Companies try to set a low expected market price to make the discounted options appear less egregious to regulators, Mr. Riethmueller said.

One popular way they lower the valuation is by saying there’s a good chance they won’t go public even when they’re on the verge of their trading debut. In the confidential communication, companies explained their options pricing by using a valuation method that accounted for the potential price of their stock in an I.P.O., as well as the likelihood of their going public.

By including the probability of not going public, they arrived at a lower, so-called blended valuation of their target I.P.O. stock price.

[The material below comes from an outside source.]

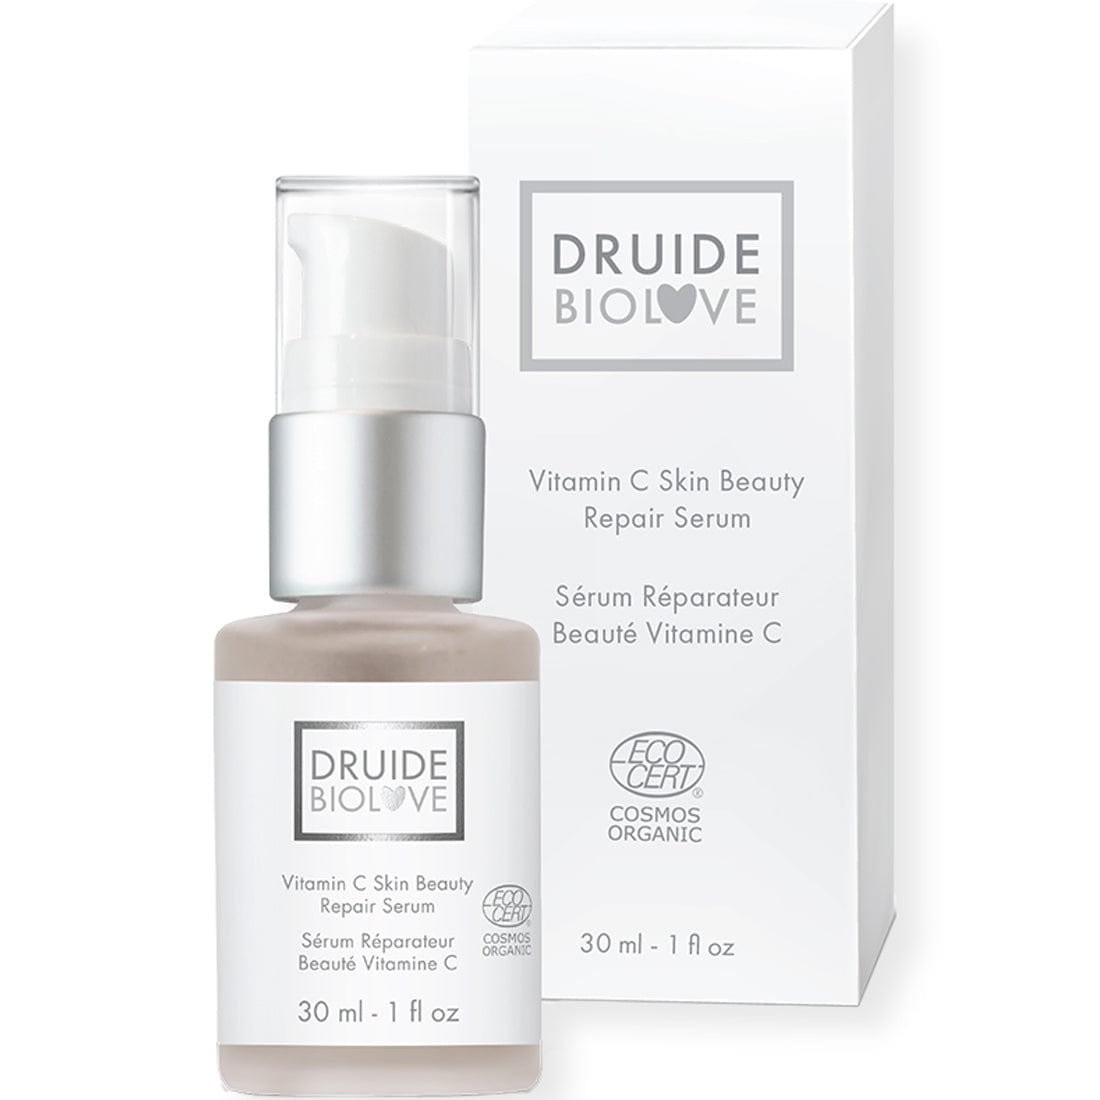 Druide Vitamin C Skin Beauty Repair Serum, 30ml

Most firms estimate the likelihood of going public at around 60 percent — even when in many cases, these firms have already set a date to ring the bell at the New York Stock Exchange or Nasdaq within weeks or months. (Of the 121 companies Mr. Riethmueller looked at, only five stayed private.)

“Instead of preparing the company properly for the new public investors that are coming in, they’re taking advantage of them by doing inside deals at the expense of the new investors,” Mr. Riethmueller said.